PURPOSE: Physicians require information on the comparative benefits and harms of medications for optimal treatment decisions. However, this type of data is limited, especially for pediatric patients. OBJECTIVE: Our aim was to use observational data to measure and compare medication utilization patterns in a pediatric patient population. METHODS: Using pharmacy claims data from a large, national-scale insurance program in the USA, we identified all patients with a diagnosis of epilepsy treated with a first-generation antiepileptic drug (carbamazepine, ethosuximide, phenobarbital, phenytoin, or valproate) or a second-generation antiepileptic drug [carbamazepine extended release (XR), gabapentin, lamotrigine, levetiracetam, oxcarbazepine, tiagabine, topiramate, valproate XR, or zonisamide]. Treatment periods were defined on the basis of prescription fill dates and medication days supplied.

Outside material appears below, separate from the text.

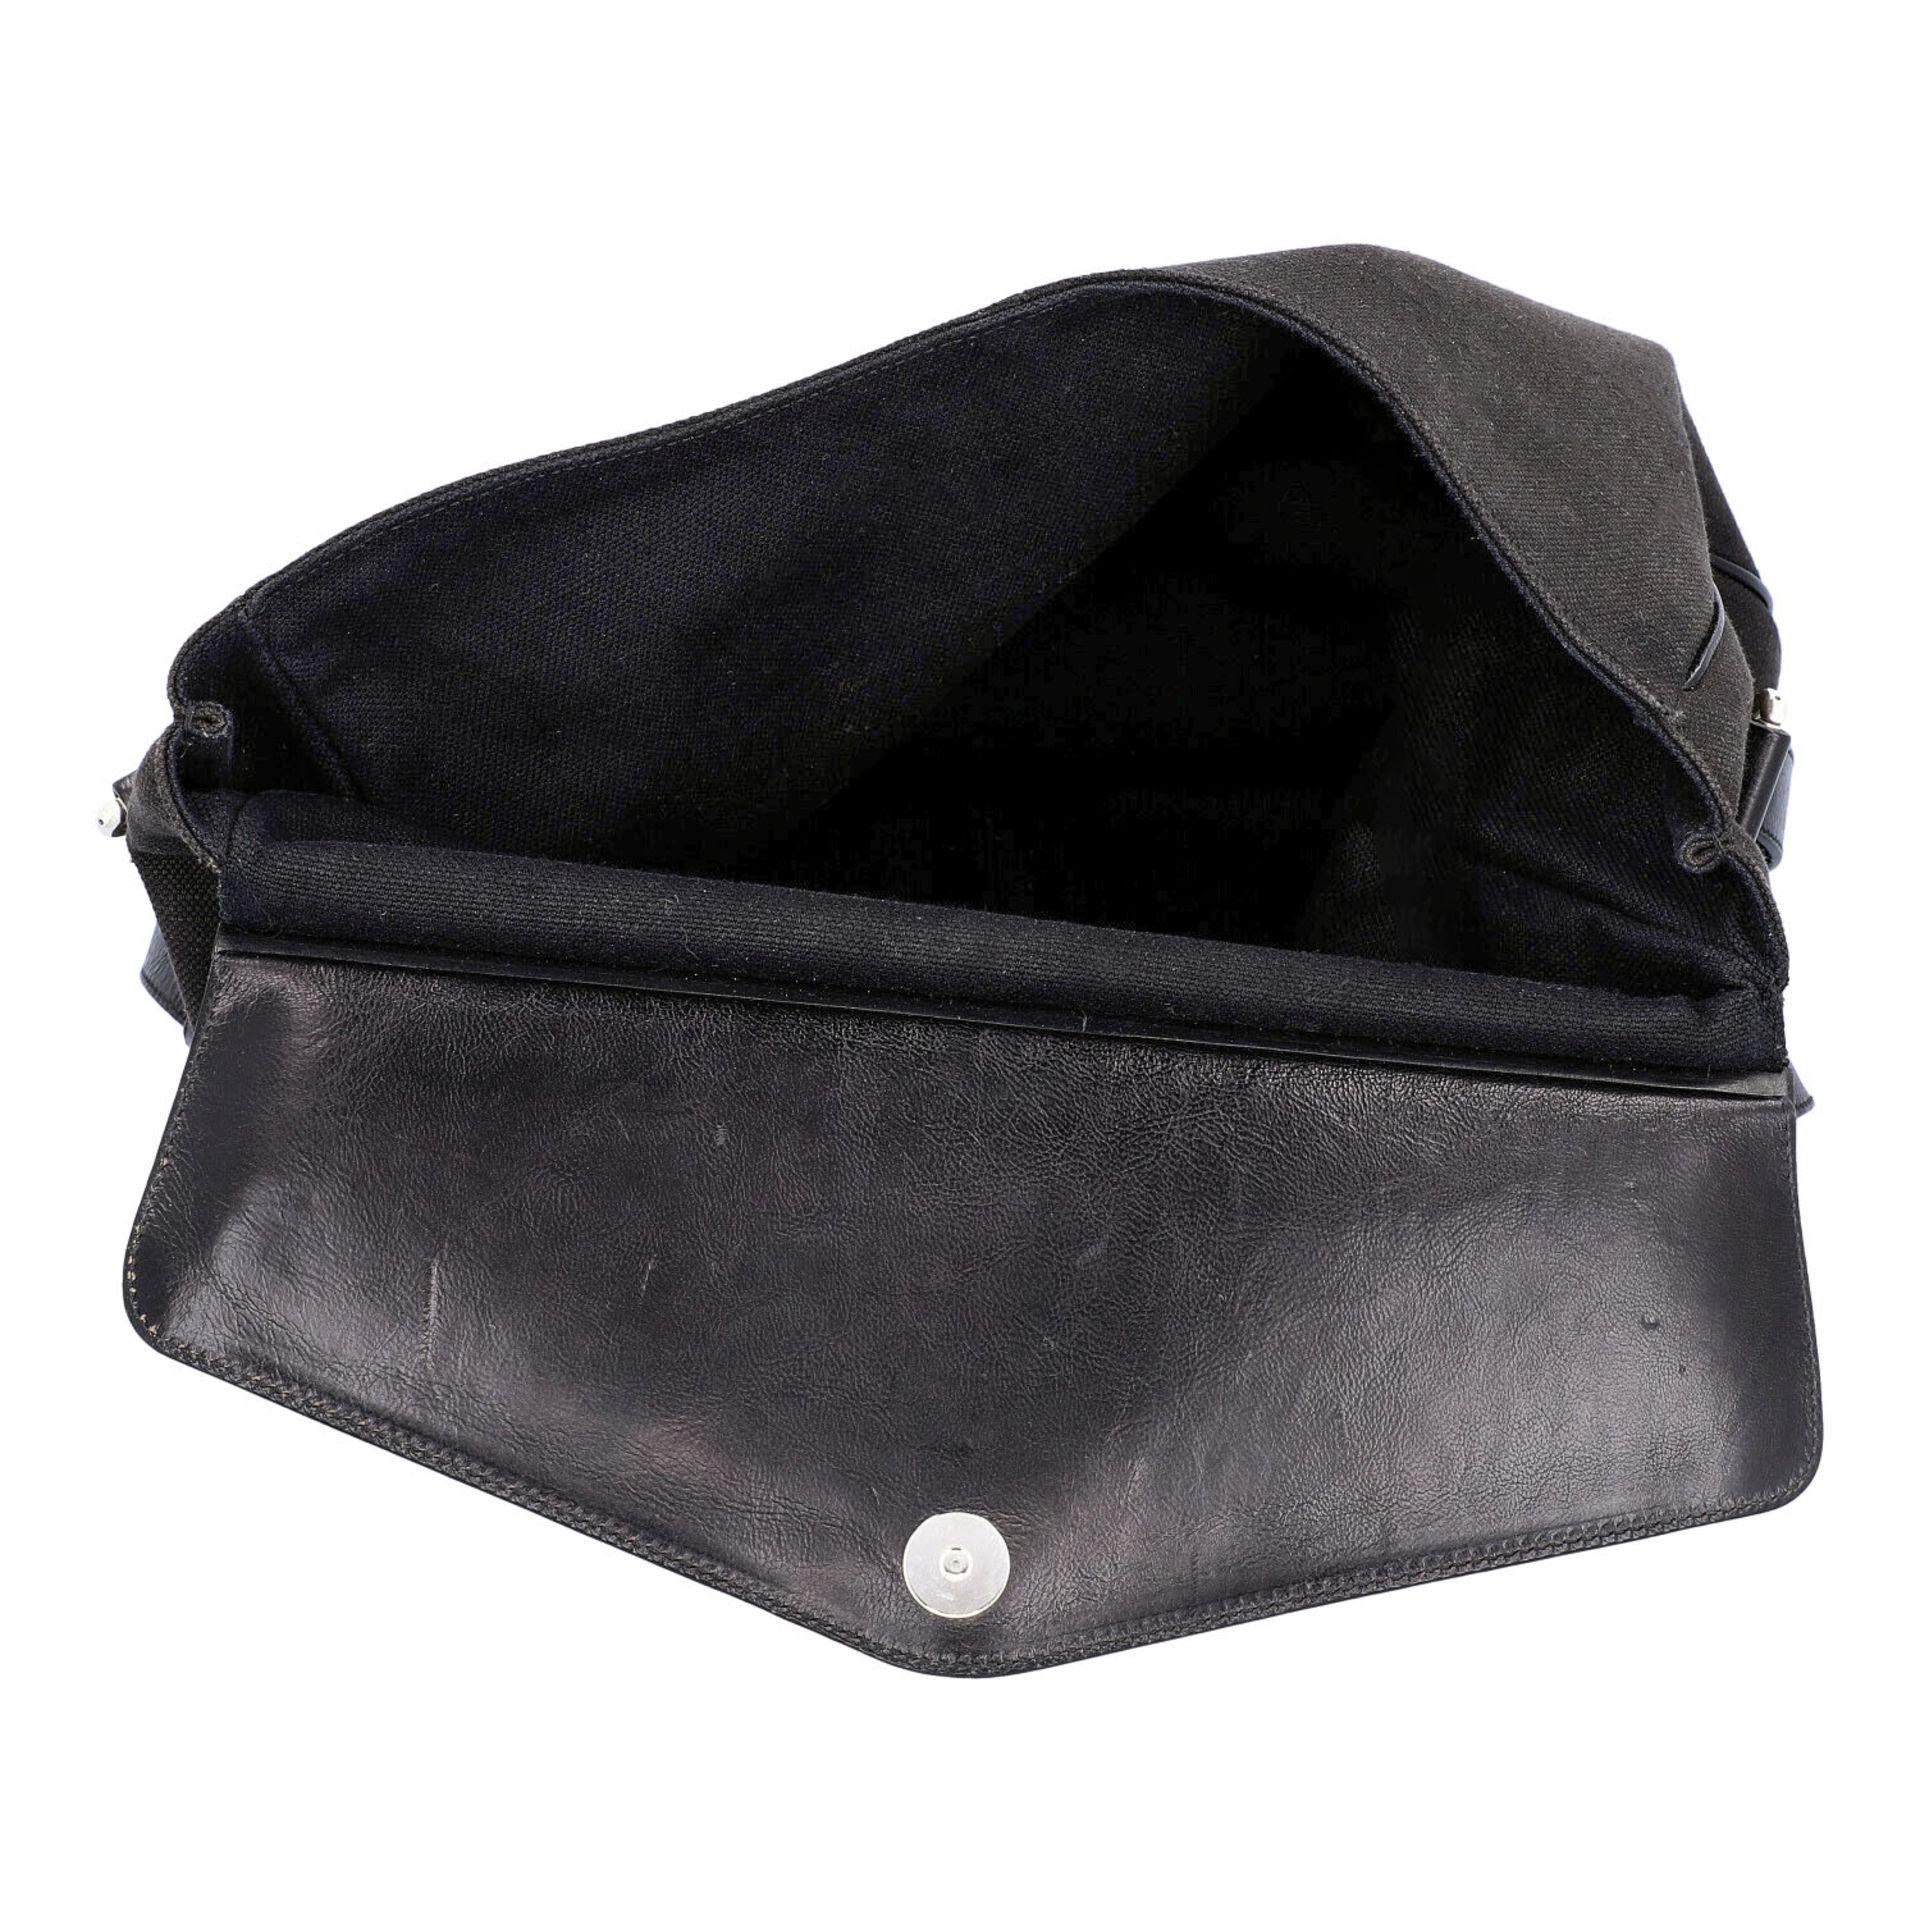 YVES SAINT LAURENT VINTAGE Handtasche. Schwarzes Modell aus Textil mit schwarzem Über - Image 6 of 8

Medication use was measured for individual antiepileptic drugs and for first-generation and second-generation drugs as groups. RESULTS: There were 2527 patients (54 %) who initiated therapy with first-generation antiepileptics and 2139 patients (46 %) who initiated therapy with second-generation antiepileptics. First- and second-generation drugs had the same 1-year retention rates [26 % (95 % confidence interval (CI) 24-28) and 26 % (95 % CI 25-28), respectively], and 26 % of patients (95 % CI 25-28) and 29 % of patients (95 % CI 27-31) who started on a first- or second-generation antiepileptic medication, respectively, resumed treatment with the initial drug after discontinuation. Overall, 73 % of patients (95 % CI 71-74) were treated with only one antiepileptic drug, with similar rates for patients started on first- and second-generation drugs [71 % (95 % CI 69-73) versus 74 % (95 % CI 72-76)]. CONCLUSION: Comparing drug utilization patterns in a pediatric population using observational data, we found similar rates of retention and therapeutic changes. These findings are consistent with the available comparative data and demonstrate an approach that could be extended to other drug classes and conditions in pediatric populations to examine drug effectiveness.
Zhou, Y. Wang, Tsafnat, Coiera, Bourgeois, Dunn. Citations alone were enough to predict favorable conclusions in reviews of neuraminidase inhibitors. J Clin Epidemiol. 2015;68:87–93.
OBJECTIVES: To examine the use of supervised machine learning to identify biases in evidence selection and determine if citation information can predict favorable conclusions in reviews about neuraminidase inhibitors. STUDY DESIGN AND SETTING: Reviews of neuraminidase inhibitors published during January 2005 to May 2013 were identified by searching PubMed. In a blinded evaluation, the reviews were classified as favorable if investigators agreed that they supported the use of neuraminidase inhibitors for prophylaxis or treatment of influenza. Reference lists were used to identify all unique citations to primary articles. Three classification methods were tested for their ability to predict favorable conclusions using only citation information. RESULTS: Citations to 4,574 articles were identified in 152 reviews of neuraminidase inhibitors, and 93 (61%) of these reviews were graded as favorable. Primary articles describing drug resistance were among the citations that were underrepresented in favorable reviews. The most accurate classifier predicted favorable conclusions with 96.2% accuracy, using citations to only 24 of 4,574 articles. CONCLUSION: Favorable conclusions in reviews about neuraminidase inhibitors can be predicted using only information about the articles they cite. The approach highlights how evidence exclusion shapes conclusions in reviews and provides a method to evaluate citation practices in a corpus of reviews.